The molecular cell biology jigsaw of Parkinson's disease: bringing the pieces together

PD is the second most common neurodegenerative disorder affecting 2-3% of the population over the age of 65. Seventeen genes have been associated with increased PD risk to date ("PARK genes"). The big challenge in the field is to order these genes into common pathways that may underpin the pathology. Common themes are gradually emerging, linking several of the best characterised PD associated genes to two overarching processes: endo-lysosomal trafficking and mitophagy. Both these processes are areas of intense research in the two collaborating host laboratories.

Endo-lysosomal traffic is critical for the disposal of defective organelles and toxic protein aggregates by autophagy. PD is commonly associated with the accumulation of alpha-synuclein containing aggregates, called "Lewy bodies" in discrete regions of the brain. Mitophagy concerns the controlled disposal of defective mitochondria by selective autophagy. The resultant autophagosomes fuse with lysosomes where the degradation of enclosed material takes place. Failure to clear damaged mitochondria and aggregates in the dopaminergic neurons of the substantia nigra is thought to result in accumulation of reactive oxygen species and a calcium imbalance ultimately leading to cell death.

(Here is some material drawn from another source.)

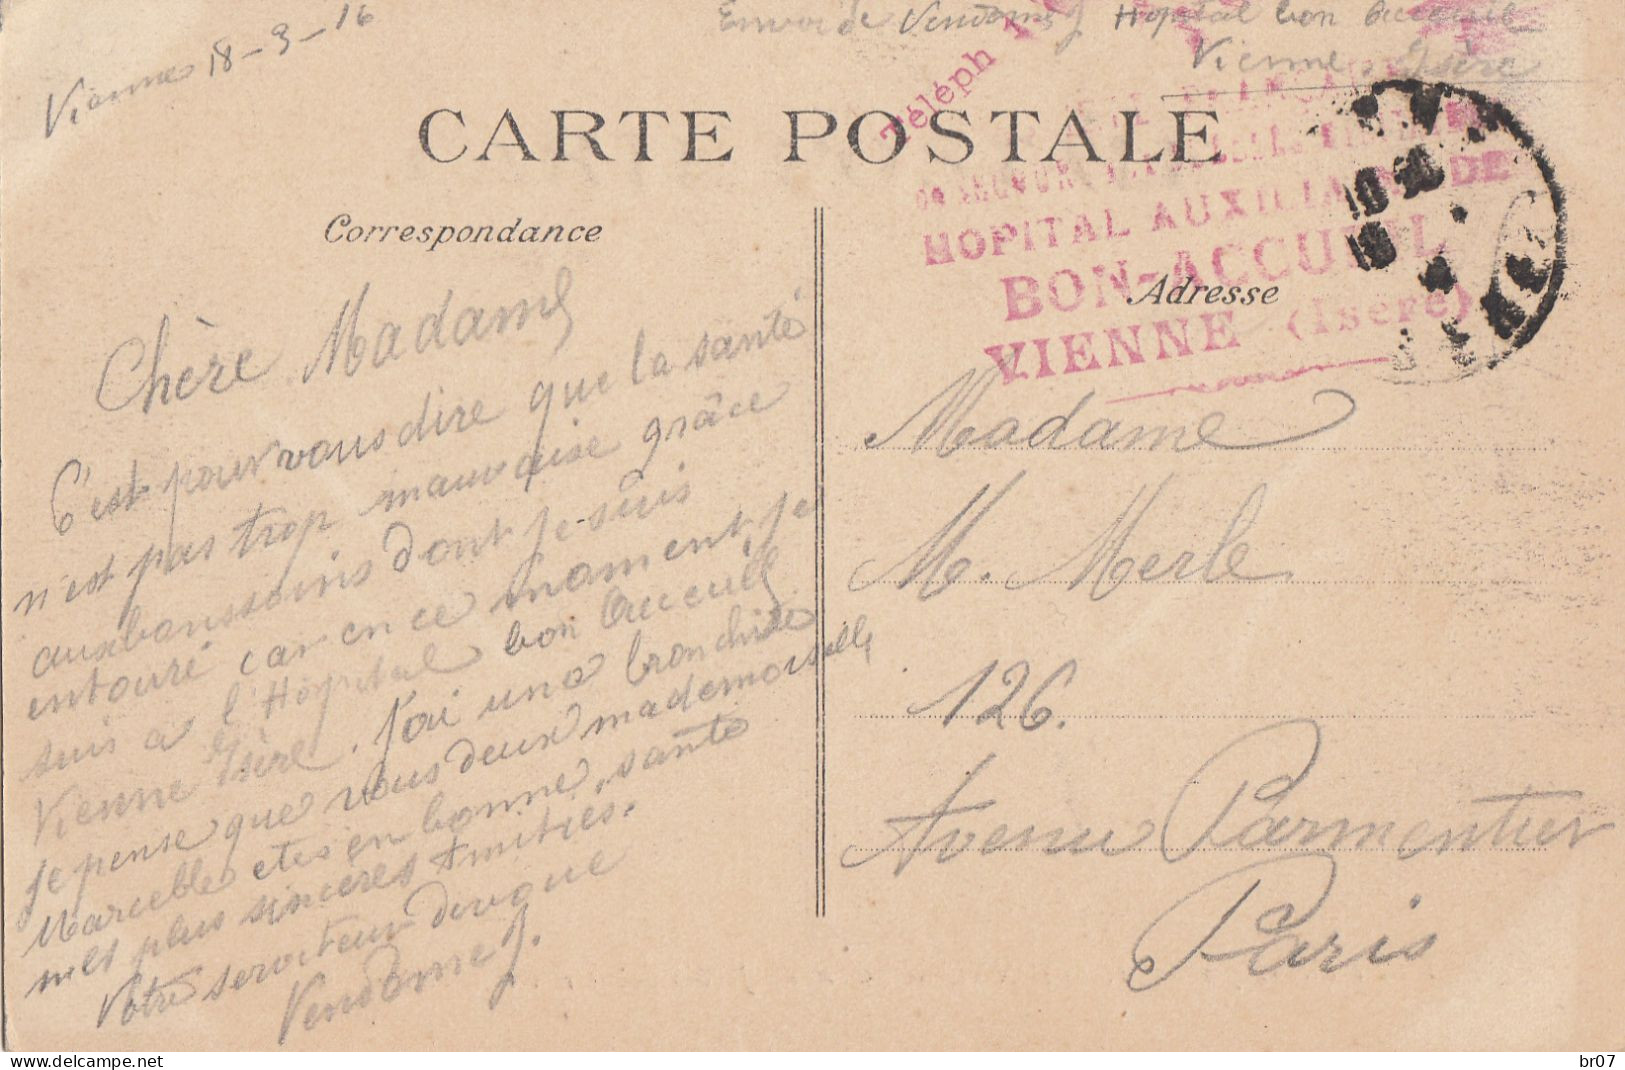 ISERE CP 1916 VIENNE FM HOPITAL AUXILIAIRE DE BON ACCUEIL VIENNE - WW I

We are interested in the functional links between the best characterised PD associated genes (LRRK2, VPS35, PINK1 and Parkin). Parkin is a ubiquitin E3 ligase that is activated by PINK1 and plays a critical role in mitophagy. Interestingly, we have shown that Parkin can ubiquitylate VPS35, a protein involved in vesicular trafficking. VPS35 mutants cause mis-sorting of newly sythesised lysosomal enzymes and defects in lysosome biogenesis. A PD associated mutant form of VPS35 has been found to activate the LRRK2 kinase, one of the most commonly mutated genes associated with familial PD. The most prominent substrates of LRRK2 belong to the Rab family of small GTPases, key regulators of vesicular trafficking and VPS35 function.

The project will incorporate live and fixed cell imaging techniques and biochemical methods using model tissue culture cell systems. A proteomic component is anticipated and training in the preparation of samples for mass spectrometry as well as the analysis and interpretation of proteomic datasets will be provided. We will use CRISPR/Cas9 gene editing to generate isogenic cell lines that will allow for comparison between mutant and wild-type forms of PD associated genes. A component of the project will entail the use of dopaminergic neurons generated from neuronal precursor cells (NPCs) that can be derived from patient derived fibroblasts. This innovative system is advantageous compared with iPSC models as NPCs retain the epigenetic signatures associated with ageing.